» **Available data**
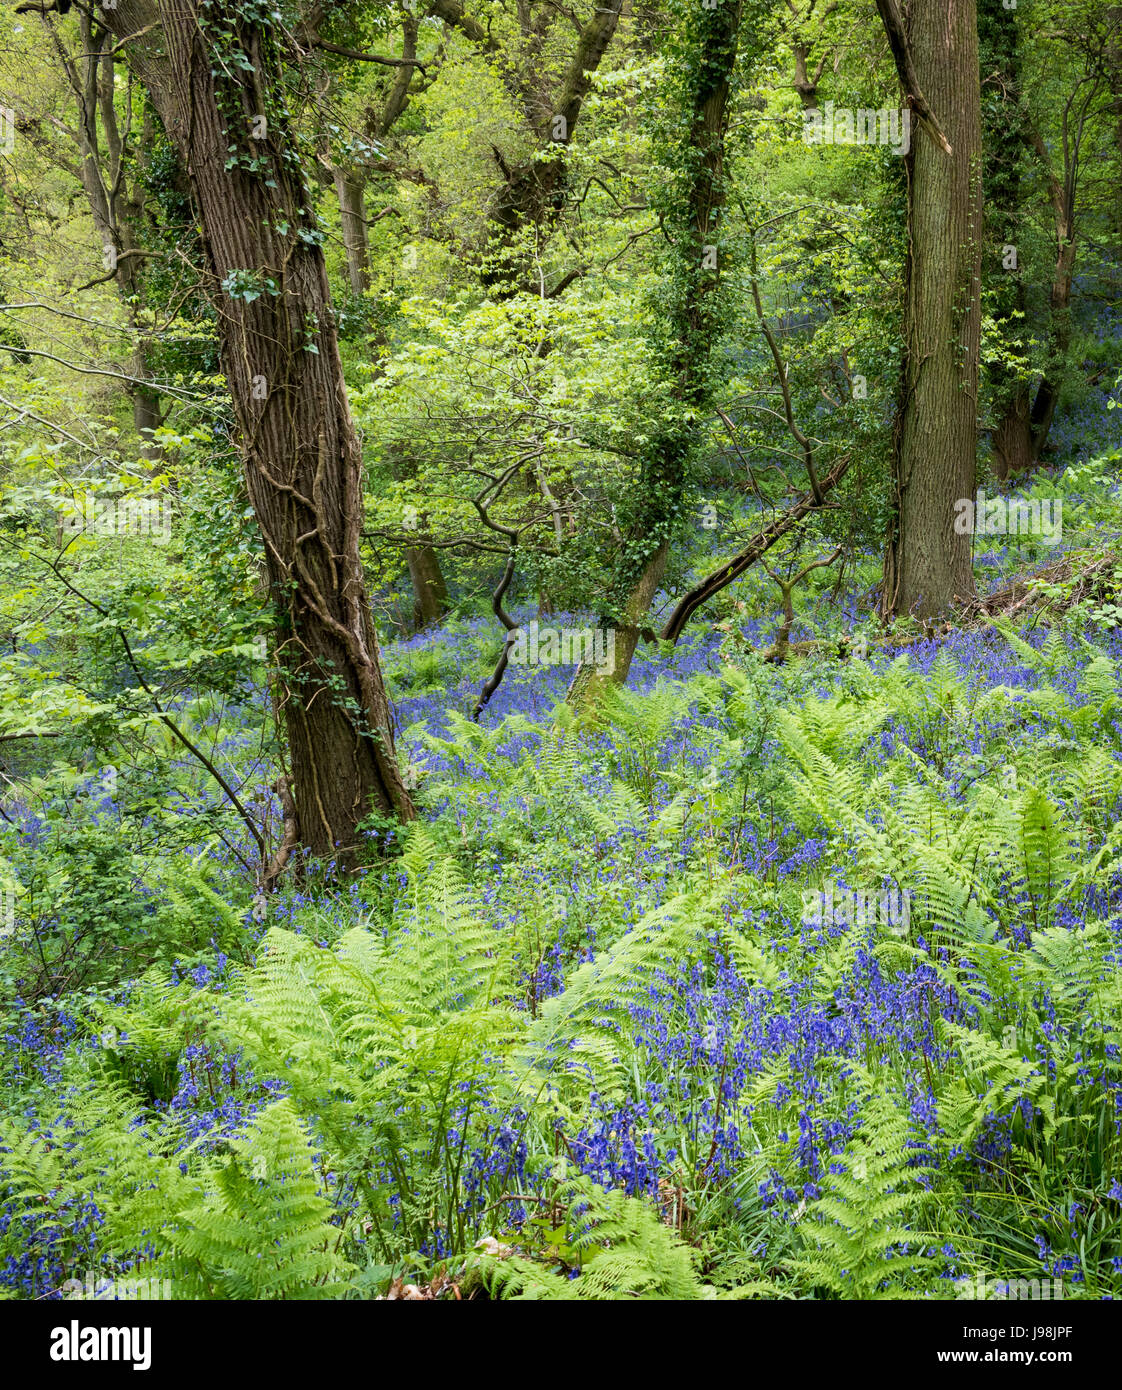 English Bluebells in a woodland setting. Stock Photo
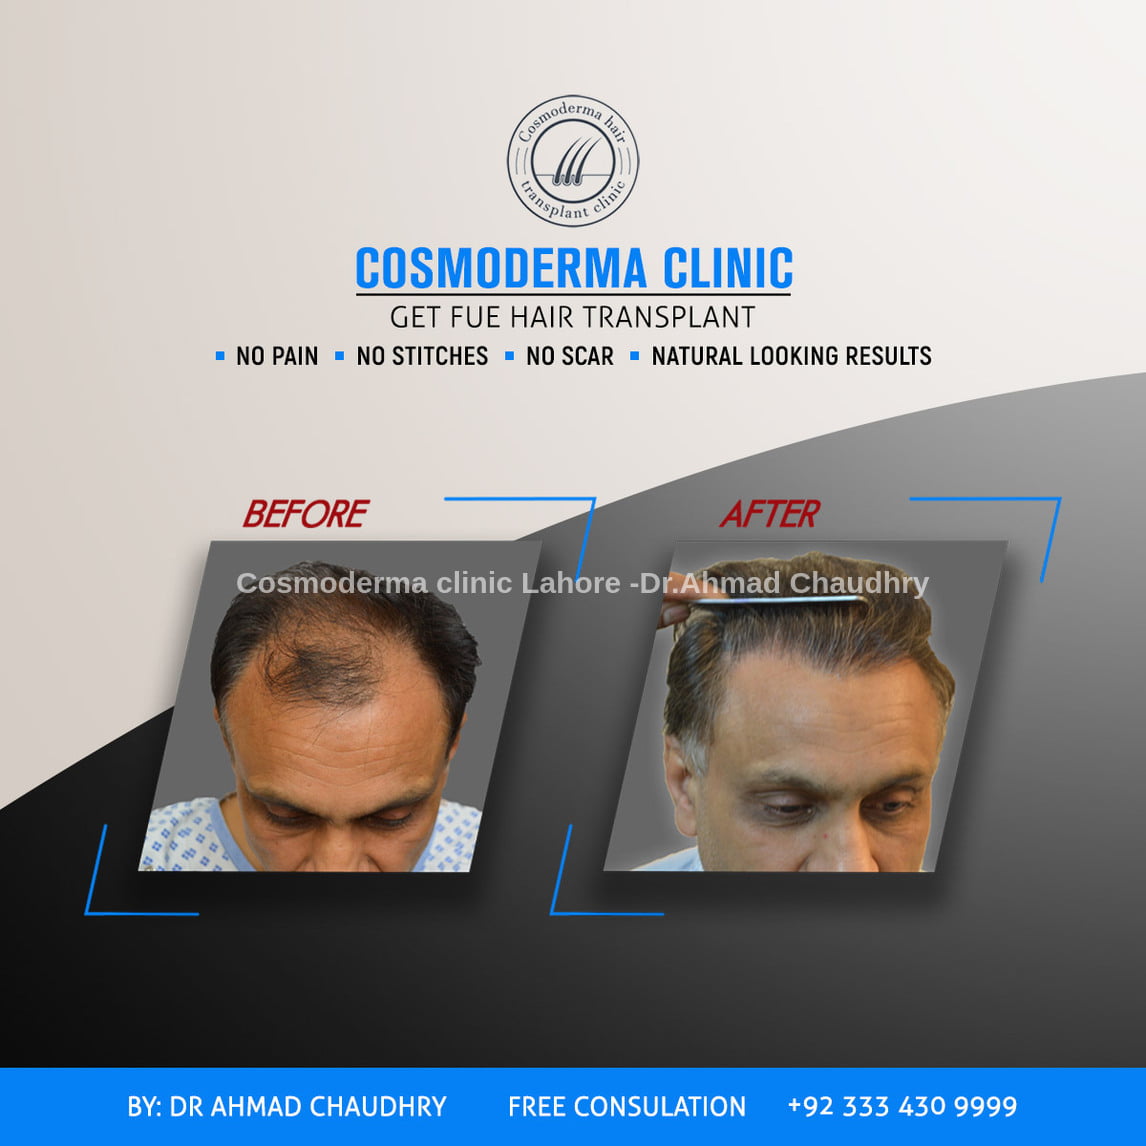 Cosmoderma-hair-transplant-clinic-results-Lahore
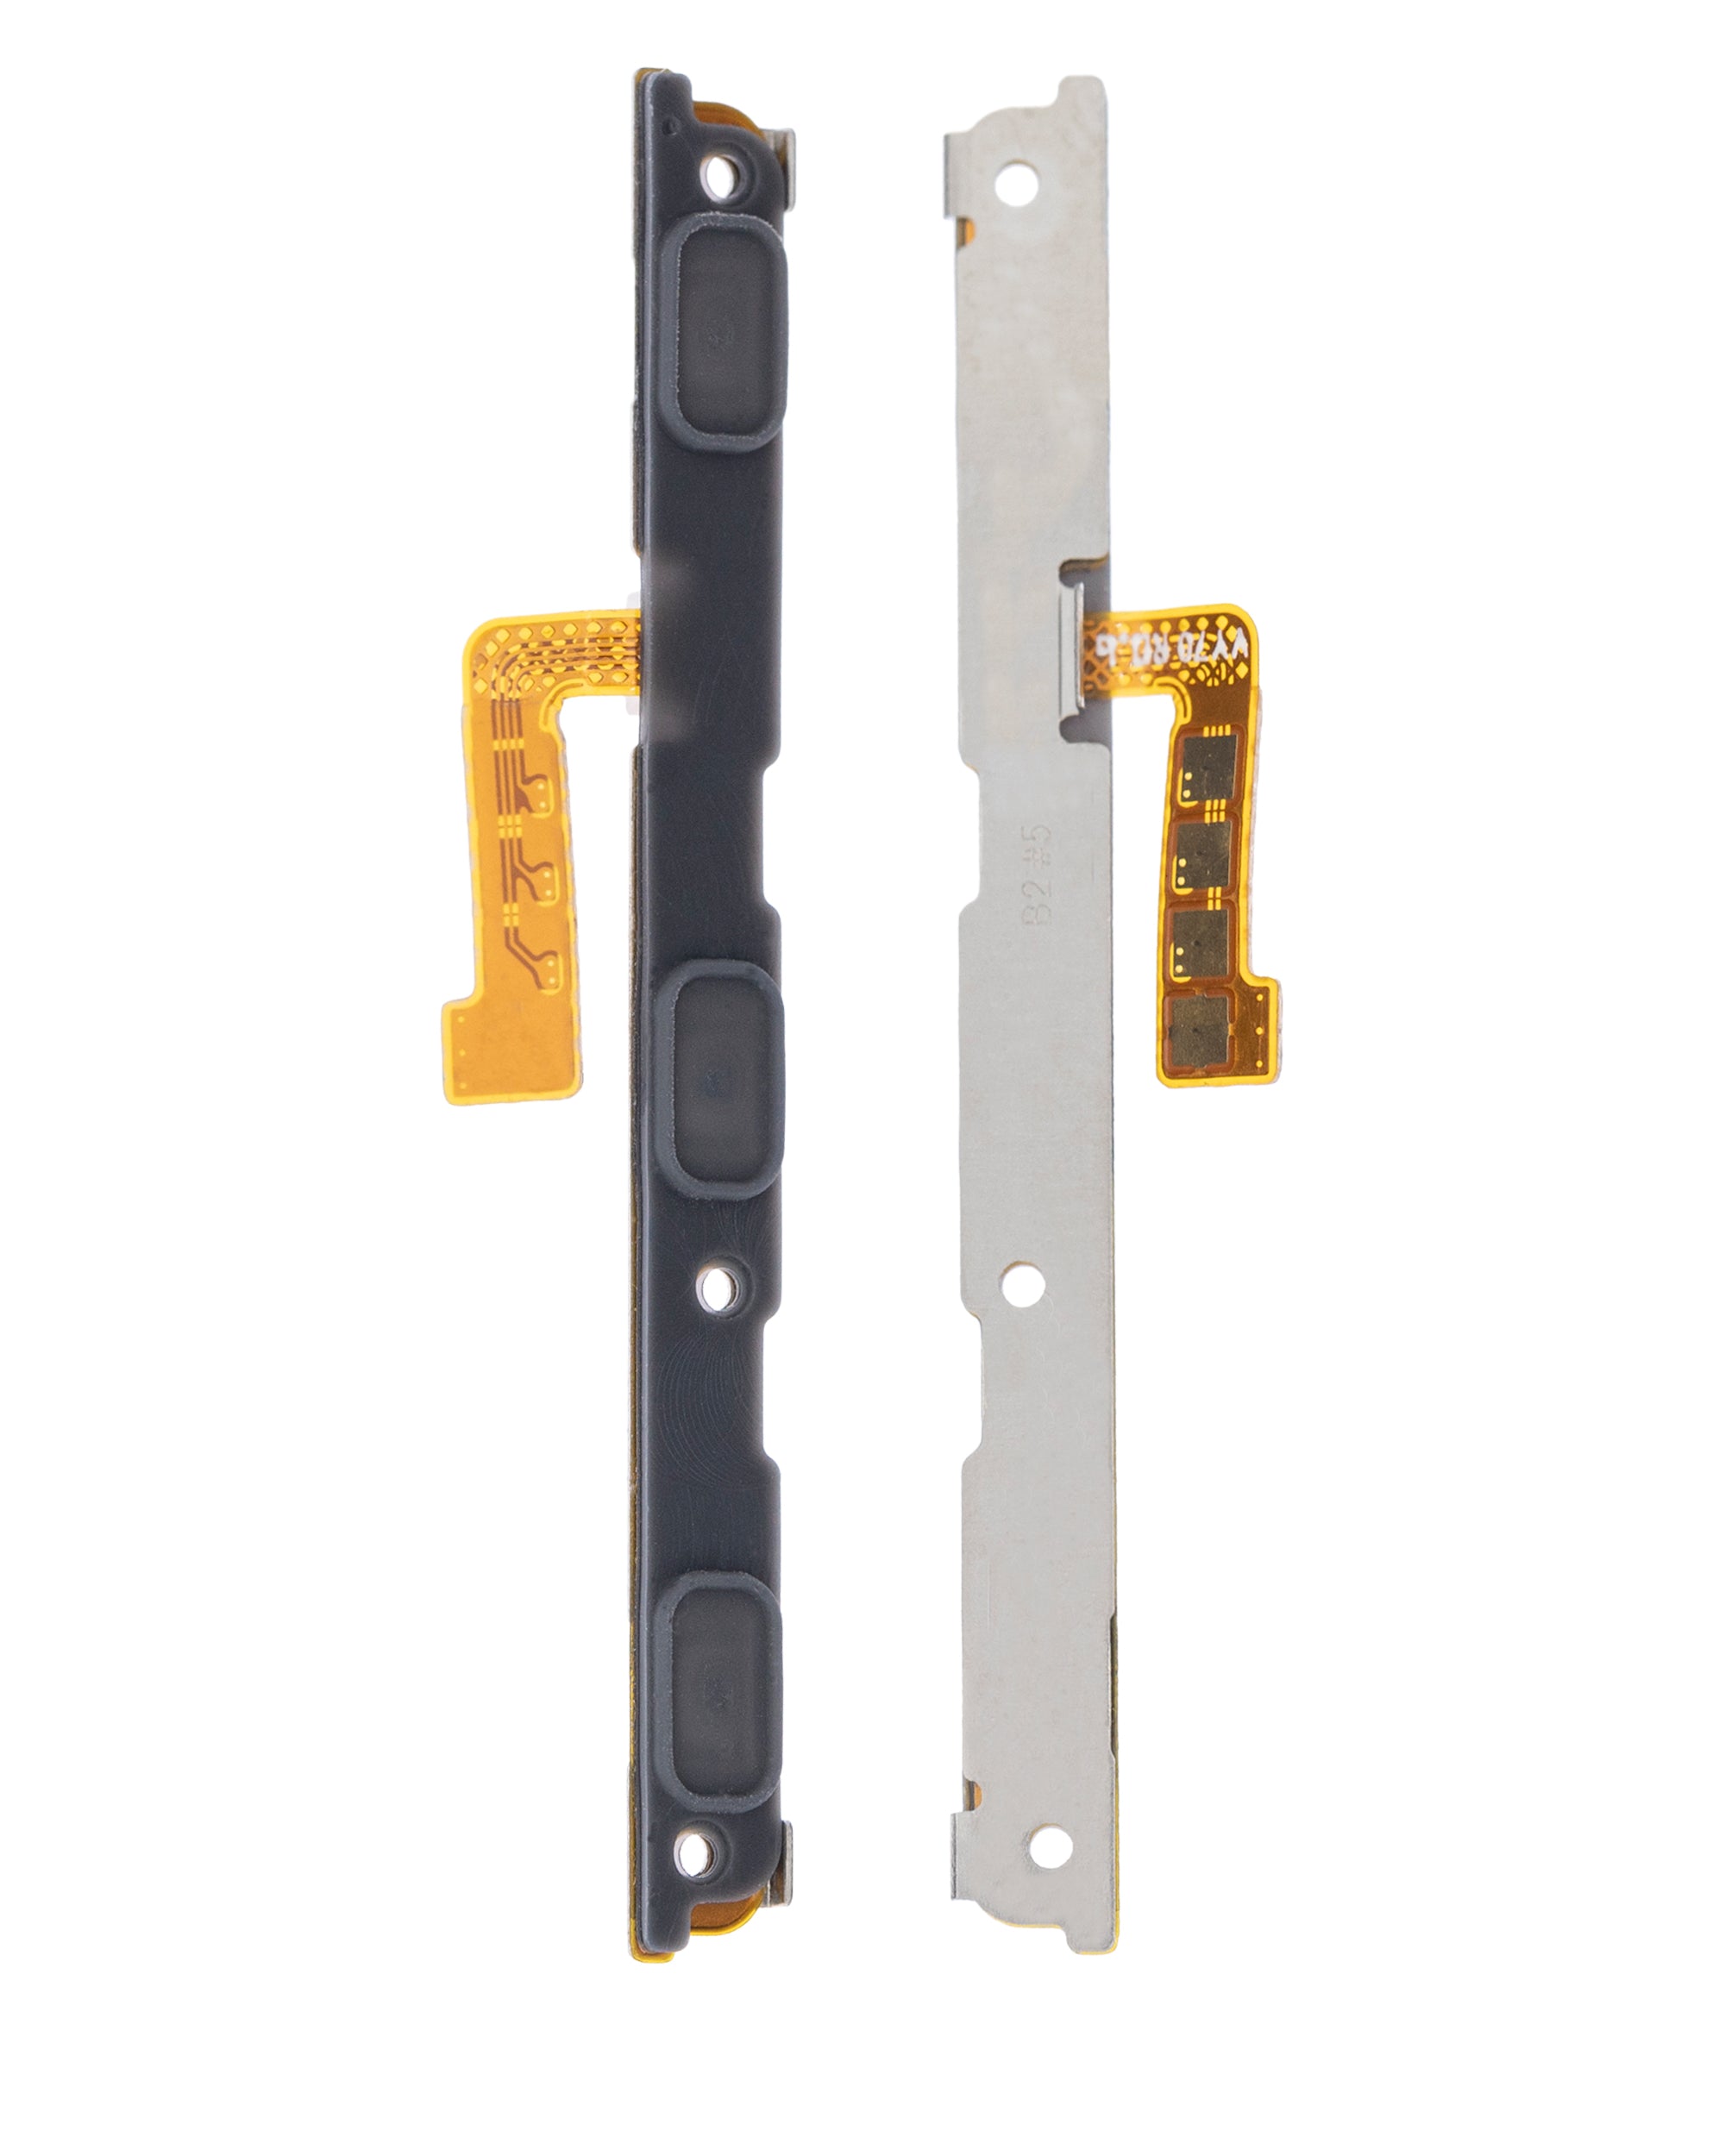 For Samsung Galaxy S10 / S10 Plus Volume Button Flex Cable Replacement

» **Work to complete**
The material is to be written out word for word, and the pictures are to be left out.

» **Solution to this problem**
 English Bluebells in a woodland setting. Stock Photo
 Cosmoderma-hair-transplant-clinic-results-Lahore
 For Samsung Galaxy S10 / S10 Plus Volume Button Flex Cable Replacement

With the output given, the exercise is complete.